5/5 - (1 vote)

İran’da yükselen enflasyon oranı ve son günlerde dolar kurundaki benzeri görülmemiş yükseliş, uzmanların İran ekonomisini tahmin etmesini zorlaştırır. 

İran'da Enflasyon Artışları

Son tahminler İran’ın küresel ekonomideki konumunun zayıfladığını gösteriyor. Tahran Ticaret Odası tarafından yapılan yeni istatistiki araştırmalar, İran’ın 2022 yılında dünya ülkeleri arasında en gerilmiş ekonomi olduğunu gösteriyor. İran’ın enflasyonu Zimbabve, Venezuela ve Sudan gibi ülkelerden daha yüksektir. İran’ın önümüzdeki iki yıldaki GSYİH büyümesine ilişkin tahminler de olumsuz.

Dünya Bankası ve Uluslararası Para Fonu, 2023 ve 2024 yıllarında İran’ın ekonomik büyümesinde yavaşlama öngörerek İran için yıllık ortalama yüzde 2’lik bir büyüme öngörüyor.

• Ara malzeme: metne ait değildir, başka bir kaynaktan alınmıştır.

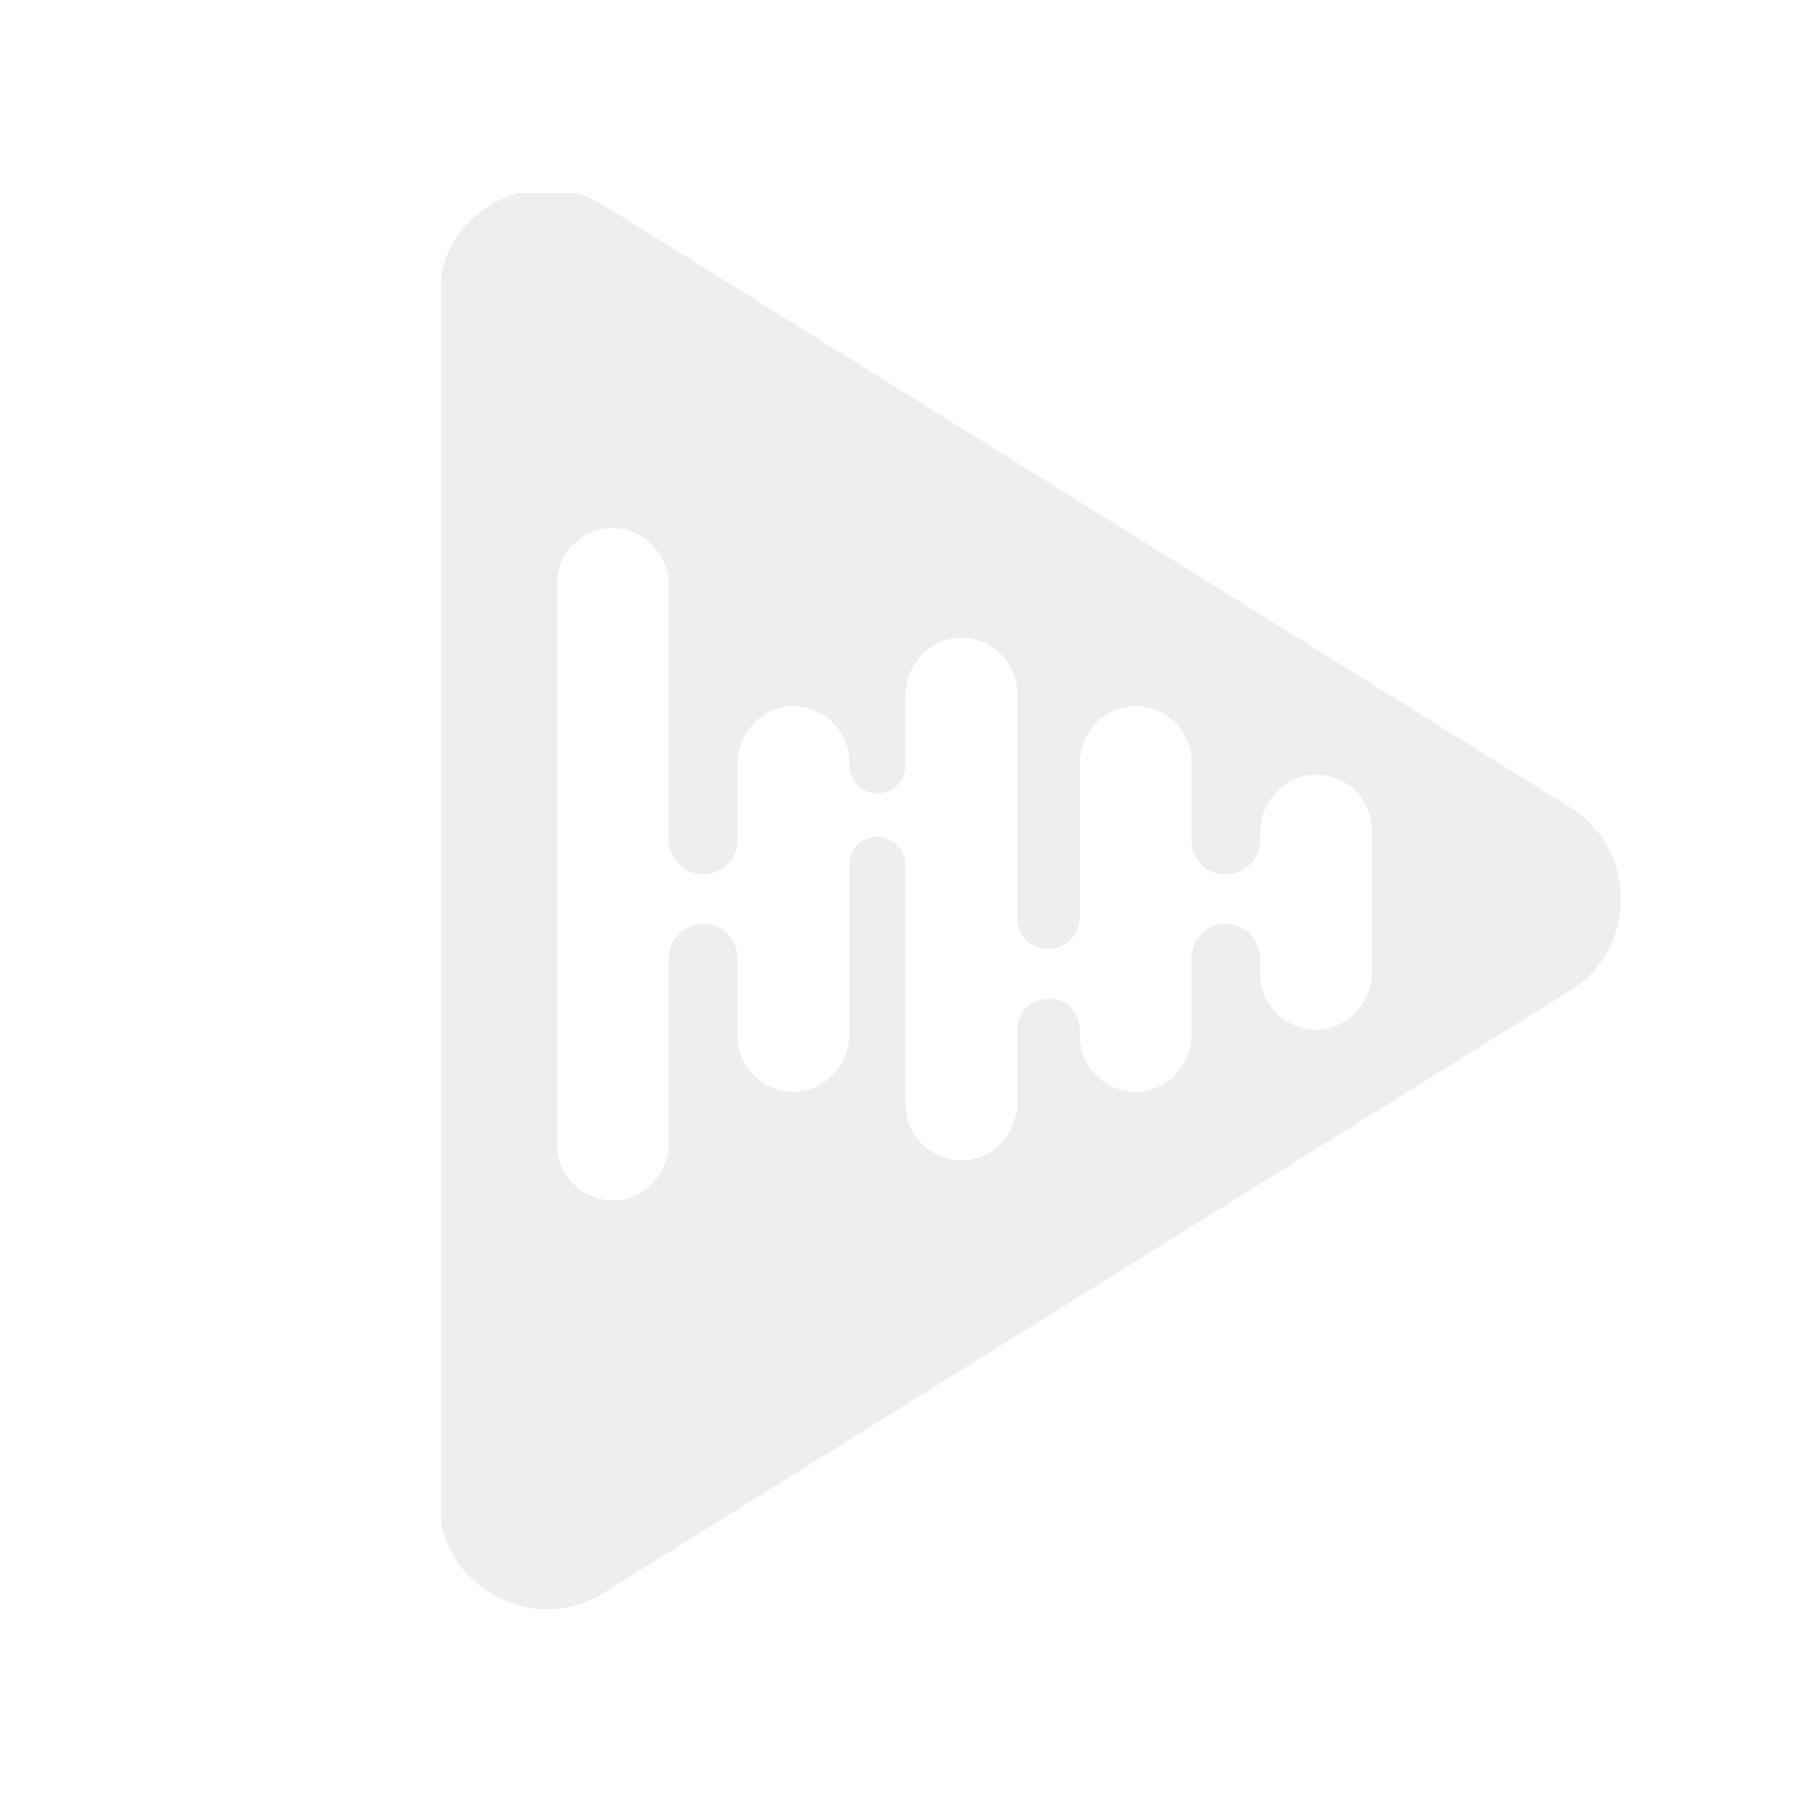 Connect GR00006 - Universal høyttalergrill, 100mm/4

İran'da Enflasyon Artışları

Yüksek enflasyonlu ülkelerde altıncı sıranın ele geçirilmesi ve durgunluğa yol açan politikaların devam etmesi, İran’ın enflasyonist durgunluk tuzağındaki daha da kötü durumu için bir alarm olabilir.

Ancak 2022’de İran’ın enflasyonu yüzde 49 ve söz konusu ekonomilerin enflasyonunun neredeyse beş katıydı. İran İstatistik Merkezi’nin açıkladığı son rakamlara göre, spot enflasyon oranı bu yılın şubat ayında bir önceki aya göre yüzde 2,1 artışla yüzde 53,4’e ulaştı.

Enflasyon, İran toplumunun, özellikle de düşük gelirli insanların farklı yönlerini etkileyen İran ekonomisinin kronik acısı olarak bilinir. İran İstatistik Merkezi’nin yakın tarihli bir raporu bile, geçen yıl İranlı ailelerin sadece yüzde 30’unun seyahat ettiğini ve seyahatlerin yüzde 70’inin toplumun geri kalanının hayatından çıkarıldığını gösteriyor.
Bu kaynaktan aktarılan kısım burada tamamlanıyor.